Using the standard approach, forming the scalar product of the equations (9a) with a vector $\bar{u} (x) = ({\bar{u}}_{1}, \dots, {\bar{u}}_{d})$ , after integration by parts over $Ω_{c}$ with the help of the boundary conditions of equations (9e) and (9f), and forming the scalar product of equation (9b) with a tensor $\bar{σ} (x) \in Sym (ℝ^{d \times d})$ , we arrive at a variational formulation of the problem of equation (9): Find the displacement $u \in C ([0, T]; H^{1} (Ω_{c}; ℝ^{d}))$ such that equations (9c) and (9d) hold, the strain $ε (u) \in C^{1} ([0, T]; L^{\infty} (Ω_{c}; Sym (ℝ^{d \times d}))$ , and the stress $σ \in C ([0, T]; L^{2} (Ω_{c}; Sym (ℝ^{d \times d}))$ , which satisfy two variational equations:

\begin{matrix} \int_{Ω_{c}} σ : ε (\bar{u}) dx & = \int_{Ω_{c}} f \cdot \bar{u} dx + \int_{Γ_{N}} g \cdot \bar{u} d S_{x}, t \in (0, T), \end{matrix}

(10a)

\begin{matrix} \int_{Ω_{c}} (ε (u) + αε (\dot{u}) - F (σ)) : \bar{σ} dx & = 0, t \in (0, T), \end{matrix}

(10b)

for all test functions $\bar{u} \in H^{1} (Ω_{c}; ℝ^{d})$ , such that $\bar{u} = 0$ at $Γ_{D}$ and $\bar{σ} \in L^{2} (Ω_{c}; Sym (ℝ^{d \times d}))$ . The inclusion of $ε (u)$ and $ε (\dot{u})$ in the $L^{\infty}$ -space is based on the constitutive relation of equation (9b) and the uniform bound of equation (5a) of $F$ by the argument given in the introduction. If the stress $σ \in L^{2} (Ω_{c}; Sym (ℝ^{d \times d}))$ , then the normal stress $σ_{n}$ in equations (9e) and (9f) can be discussed in terms of Green’s formula in the dual space $H^{- 1 ∕ 2} (Γ_{N}; ℝ^{d}) \times H^{- 1 ∕ 2} (Γ_{c}; ℝ^{d})$ at the boundary (see Khludnev and Kovtunenko [18], Section 1.1.7, for details).

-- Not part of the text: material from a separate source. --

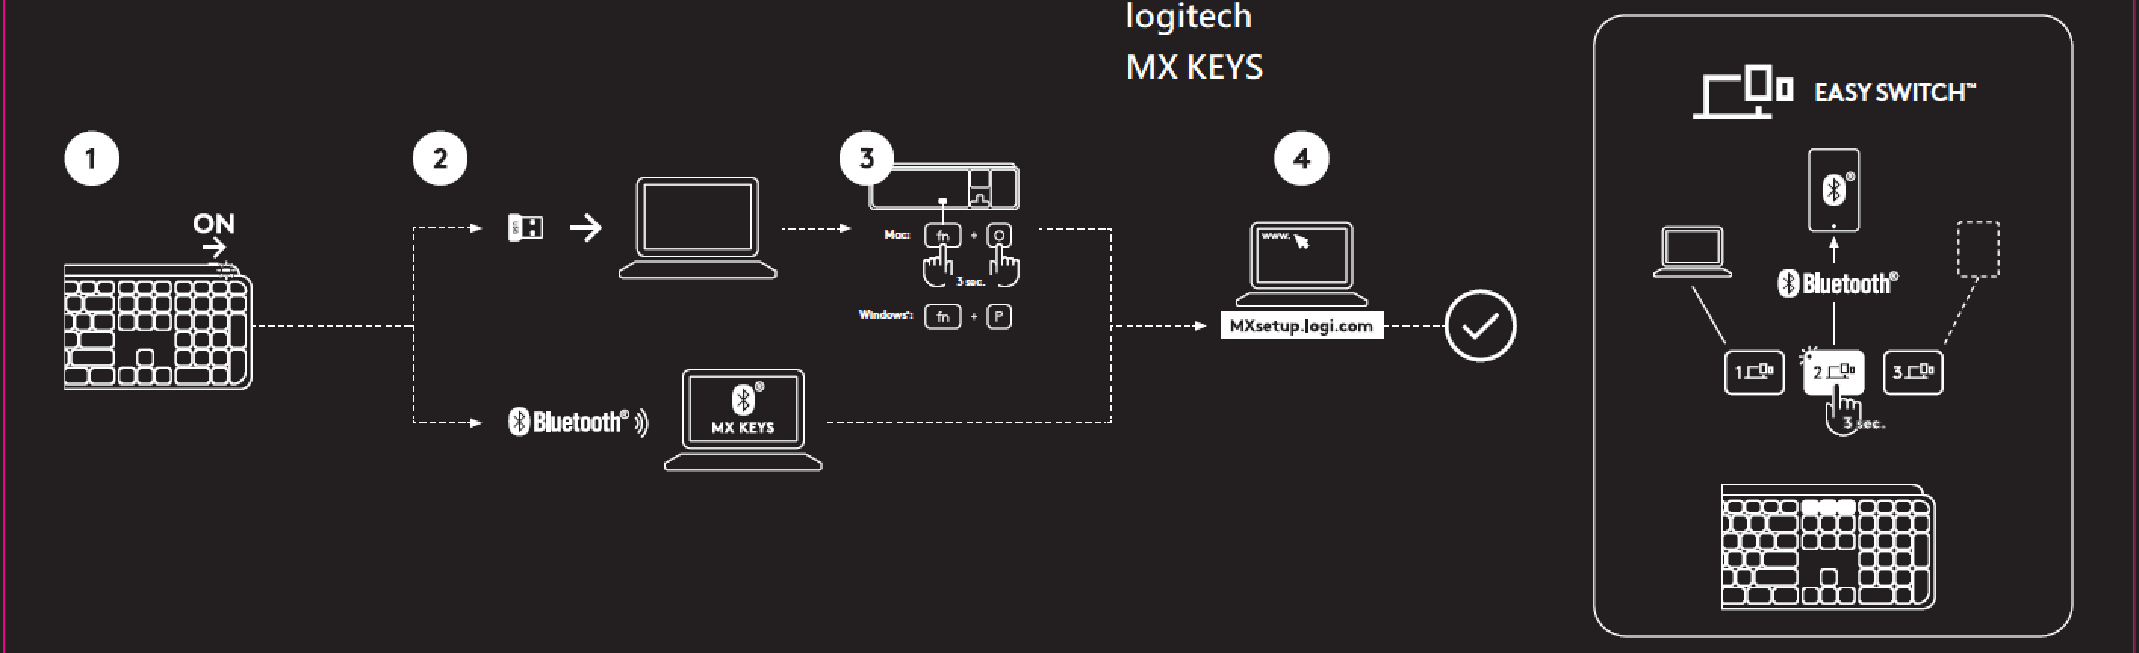 Logitech East Wireless Keyboard User Manual

It is important to emphasize that the nonlinearity of $F$ does not allow us to apply standard existence theorems to the weak formulation of equation (10). Instead, in the following, we introduce a generalized formulation of the problem.

From equation (10b) rewritten with the test function $\bar{σ} - σ$ , we have

\int_{Ω_{c}} (ε (u) + αε (\dot{u})) : (\bar{σ} - σ) dx = \int_{Ω_{c}} F (σ) : (\bar{σ} - σ) dx .

(11)

Since the Dirichlet condition of equation (9d) holds, it can be differentiated with respect to time, then $\dot{u} = 0$ at $(0, T) \times Γ_{D}$ , and $\bar{u} = u + α \dot{u}$ can be substituted as a test function into equation (10a). It follows that

\int_{Ω_{c}} σ : (ε (u) + αε (\dot{u})) dx = \int_{Ω_{c}} f \cdot (u + α \dot{u}) dx + \int_{Γ_{N}} g \cdot (u + α \dot{u}) d S_{x} .

(12)

Using the monotony of $F$ in equation (5b), summation of equations (11) and (12) results in the inequality:

\begin{matrix} \int_{Ω_{c}} (ε (u) + αε (\dot{u})) : \bar{σ} dx = \int_{Ω_{c}} F (σ) : (\bar{σ} - σ) dx + \int_{Ω_{c}} f \cdot (u + α \dot{u}) dx + \int_{Γ_{N}} g \cdot (u + α \dot{u}) d S_{x} \\ \leq \int_{Ω_{c}} F (\bar{σ}) : (\bar{σ} - σ) dx + \int_{Ω_{c}} f \cdot (u + α \dot{u}) dx + \int_{Γ_{N}} g \cdot (u + α \dot{u}) d S_{x}, \end{matrix}

(13)

which is advantageous, since the terms $F (σ) : σ$ in equation (11) and $σ : ε (u + α \dot{u})$ in equation (12) create problems with regard to establishing estimates within the weak formulation. In fact, only an L¹ -estimate of the stress tensor is available by the lower bound in equation (5d).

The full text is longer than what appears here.